デリーンが気をきかせた。ゴブレットに水を注ぎ、彼女に手渡す。

有難かった。

彼女は本当にいいところで助けてくれる。

受け取ったゴブレットを飲み干してから、グリンガレットはサヌードを振り返った。

「私に、何をしろと言うのです。貴方がモルガンの子であると、吹聴せよとでも」

サヌードは首を横に振った。

「三日の後、次なる王を選ぶための円卓の会が開かれる。そなたには、この城を正統に統ぐ者として、その大役を任せられることになろう」

「私に、王を選べと、そういう事ですか。・・・知りませんよ、私は貴方以外の者を選ぶかもしれない」

「そなたは私を選ぶ。そして、私に服従する」

彼の態度に、冷静さが戻ってきた。あの、執拗さを秘めた目つきで、グリンガレットを舐めるように見つめる。

「その後は、そなたには王妃の位をやろう。喜ぶがよい、お前の目的は成るのだ」

あまりの事に、グリンガレットは、「は」と笑った。

「なんとも可笑しなことを。先ほどは、我が妹と言いながら、今度は私に妻になれとでも。サヌード卿、貴方は気がふれたのではありませんか」

「何もおかしい事は無い。古来より、血の結びつきを守る為には、兄妹で結ばれる事など、よくある話だ。それに、それを知るものは、我々しかいない」

狂っている。

デリーンもまた、彼の狂気を感じずにはいられなかった。

グリンガレットの正体が、彼の言うようにモルガンの娘だったとしても、サヌードがモルガンの子であったとしても、彼の理論は狂っている。

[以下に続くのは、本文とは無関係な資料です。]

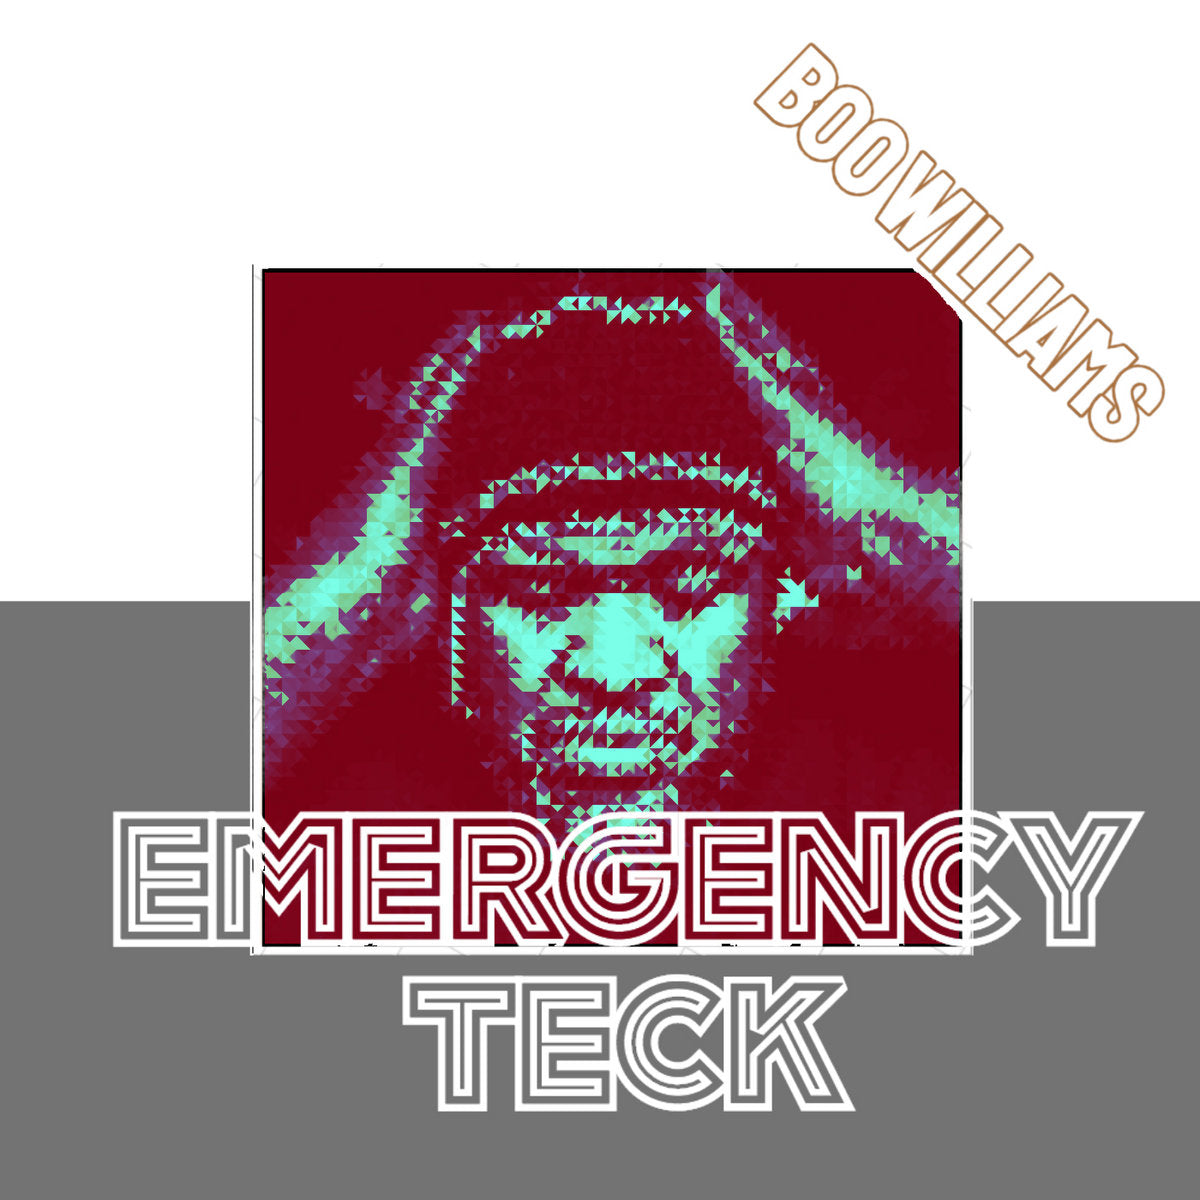 Boo Williams - Emergency Teck

「お断りします。私は、王も、我が夫となるものも、私自身の意志で決めます。そしてそれは、貴方ではありません」

「断らば、キリアムを救う事は出来ぬ」

「・・!?」

グリンガレットの顔色が変わったのを見て、サヌードが笑った。

やはり、キリアムの名前を出すと、愚かしい程に弱い。惚れているのか。だとしたらあの女の娘にしては、随分としおらしい事だ。

「キリアムは我が手の内にある。彼を殺すも、生かすも、そなた次第と言ったであろう。考えても見よ、奴は王を殺した。普通ならば死罪は免れぬ。だがな、私を王として選び、そなたが我が妻となれば、私は奴に恩赦を与えることも出来るのだ」

「我が殿を、・・・盾にとるのですか」

「良い取引ではないか」

サヌードは、自らの勝利を確信したように彼女の顎を持ち上げた。

嫌な感触なのに、グリンガレットは逆らえなかった。

「時間が欲しいか? まだ円卓の会までは三日ある。後ほど、もう一度答えを聞こう。それまでに、よく考えておくが良い」

サヌードが、ケルンナッハに目で合図を送った。恭しく、彼は戸を開いた。

足音が遠ざかり、鍵の降りる音が残る。

眩暈がした。

体中の力が抜け、グリンガレットはベッドの縁に倒れ込んだ。

「グリンガレット!」

デリーンは大声をあげて、彼女に駆け寄った。